> Work task
Your output should match the listing below word for word, without any images.

> Stored data

※ ※ ※

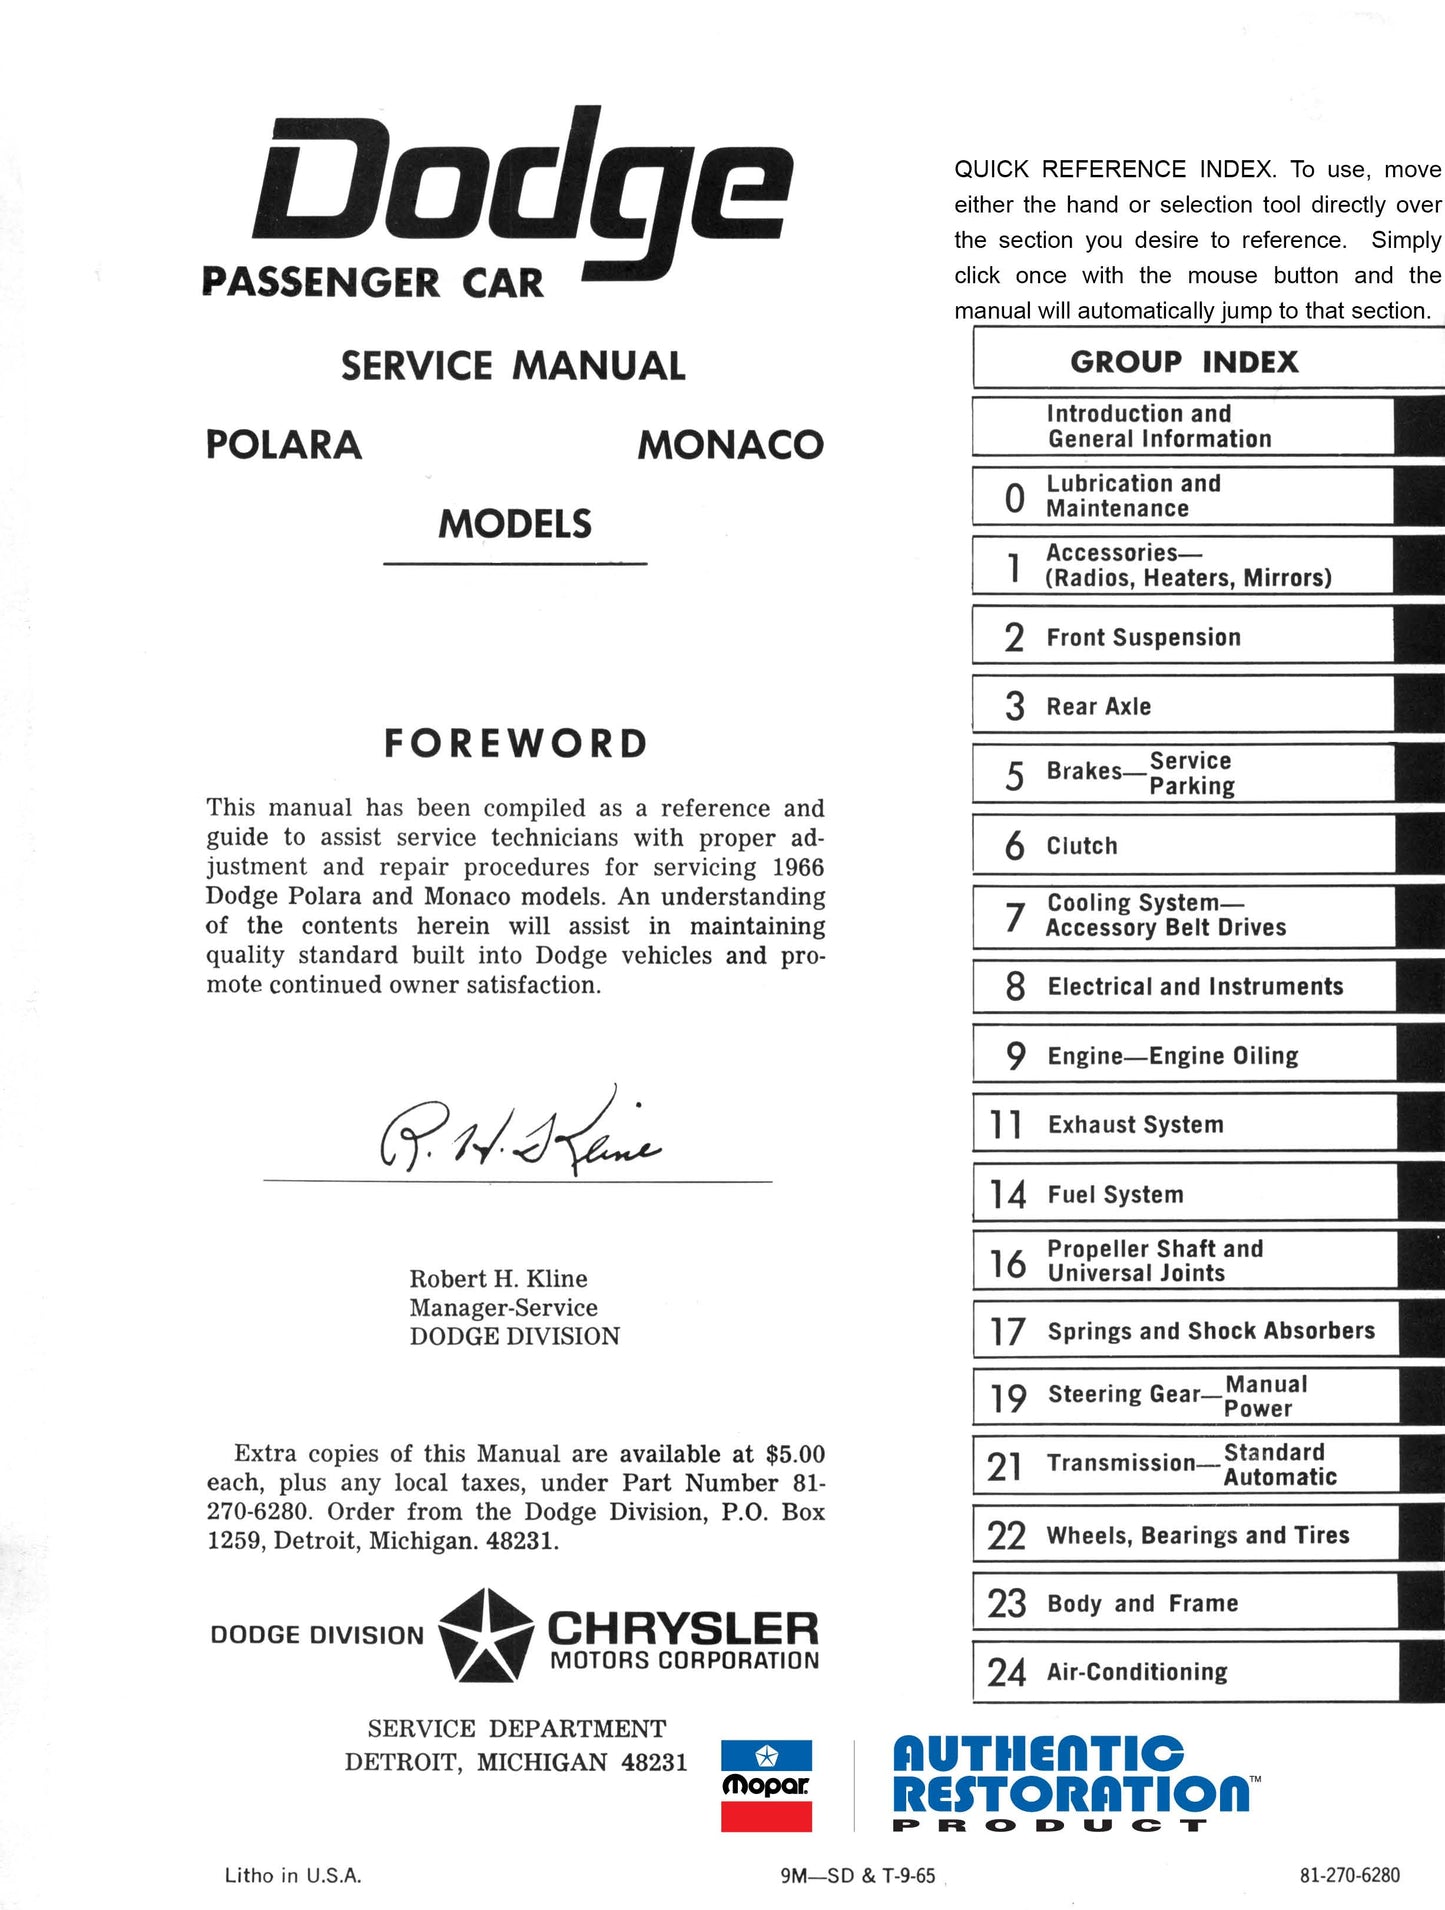 1966 Dodge Service Manuals - All Models
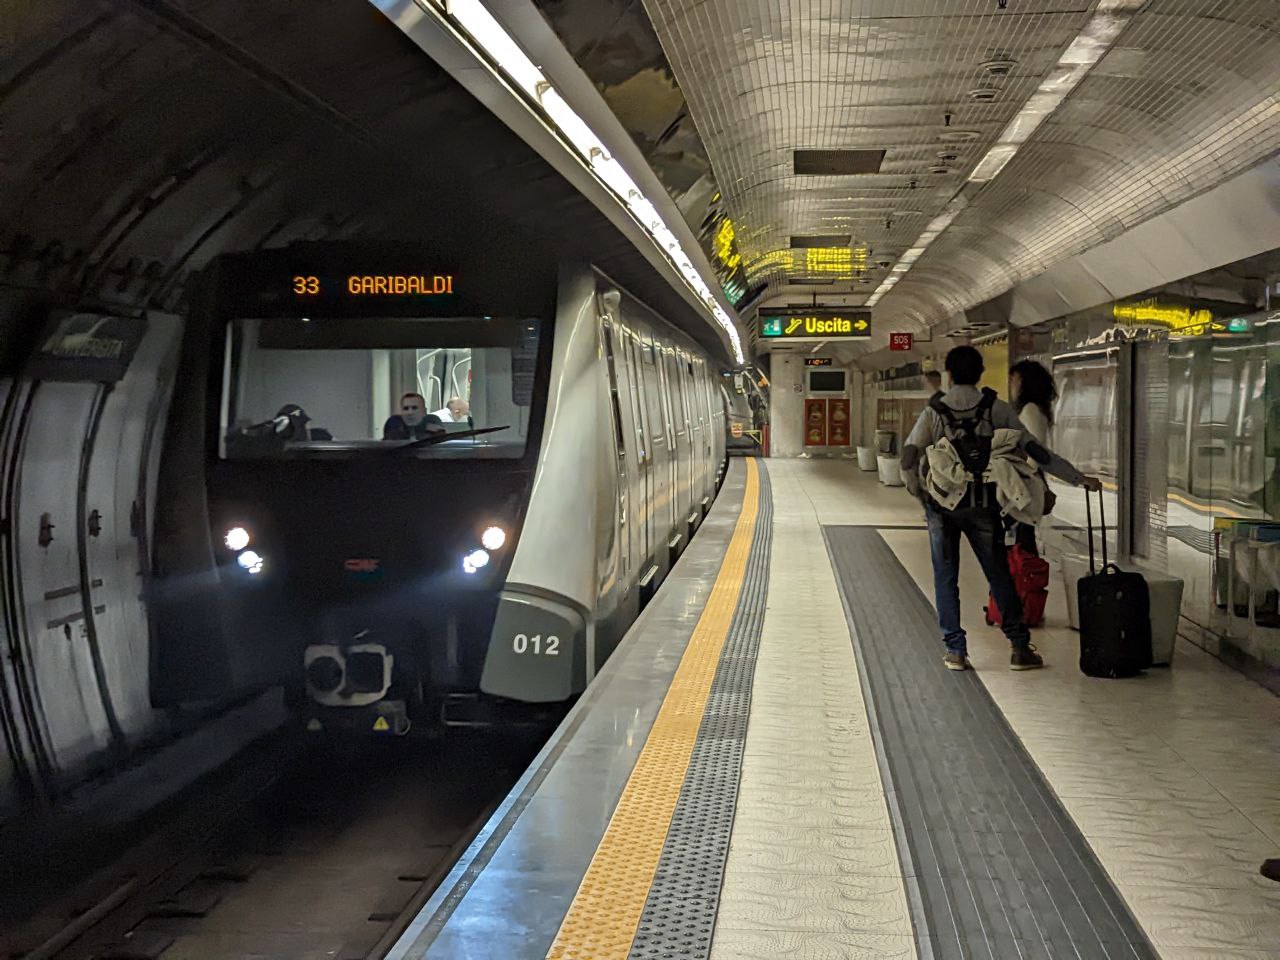 ナポリ地下鉄1号線の新幹線が駅に停車
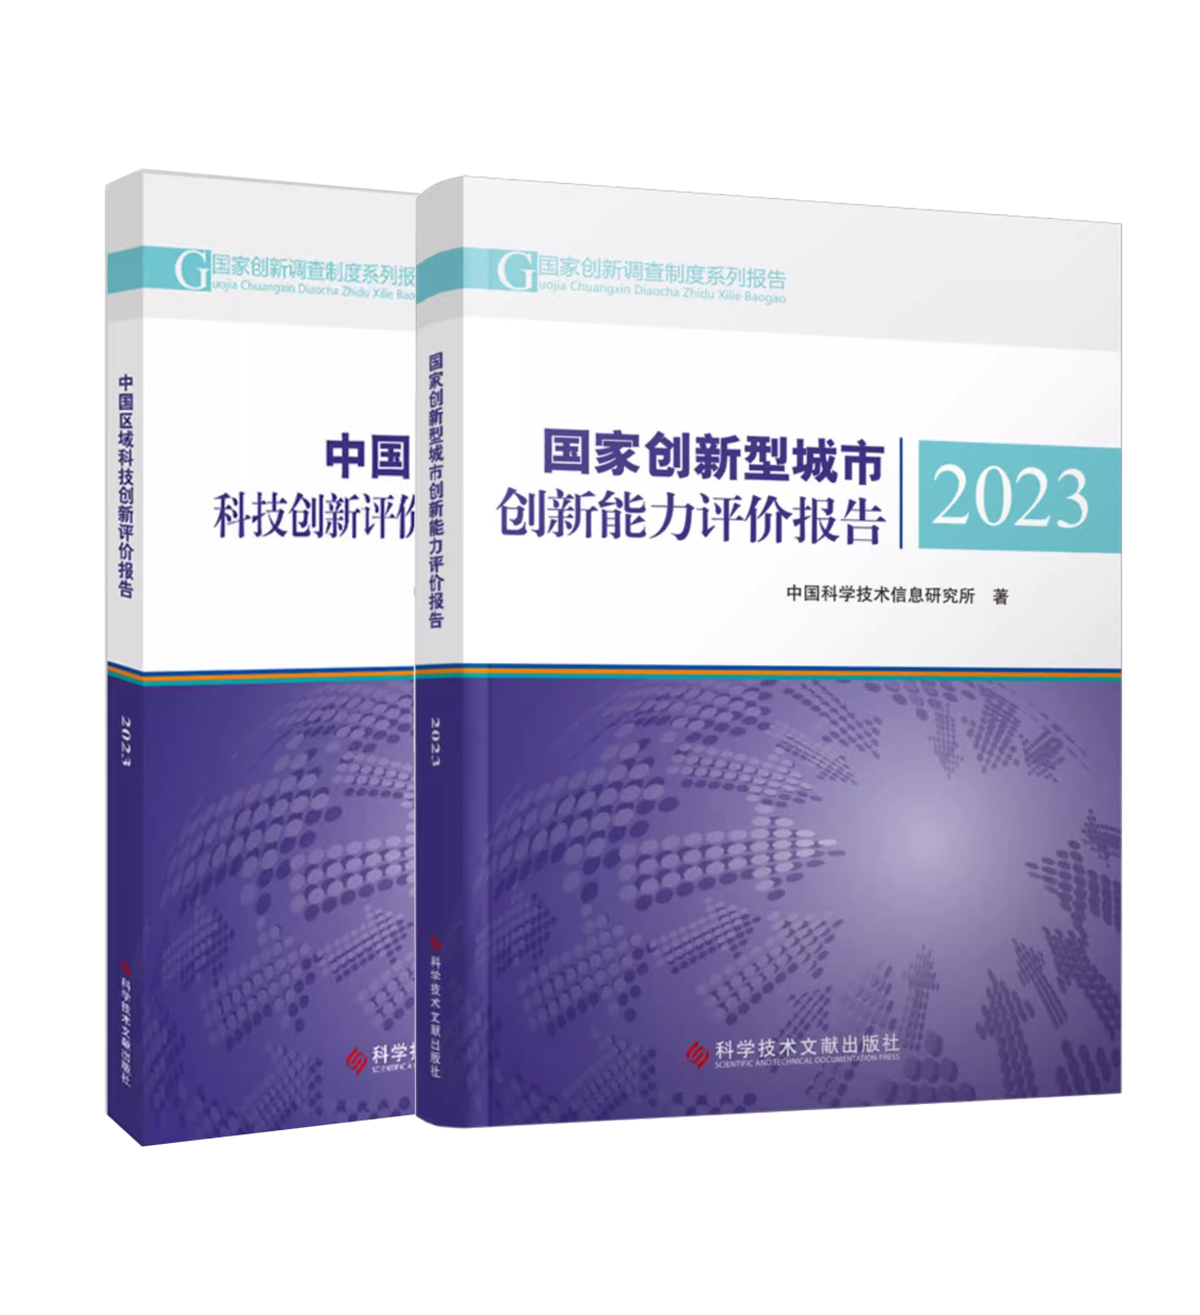 【全2册】国家创新型城市创新能力评价报告2023+中国区域科技创新评价报告2023  中国科学技术信息研究所 科学技术文献出版社

※ ※ ※

> Answer for the task
 1966 Dodge Service Manuals - All Models
 ナポリ地下鉄1号線の新幹線が駅に停車
 【全2册】国家创新型城市创新能力评价报告2023+中国区域科技创新评价报告2023  中国科学技术信息研究所 科学技术文献出版社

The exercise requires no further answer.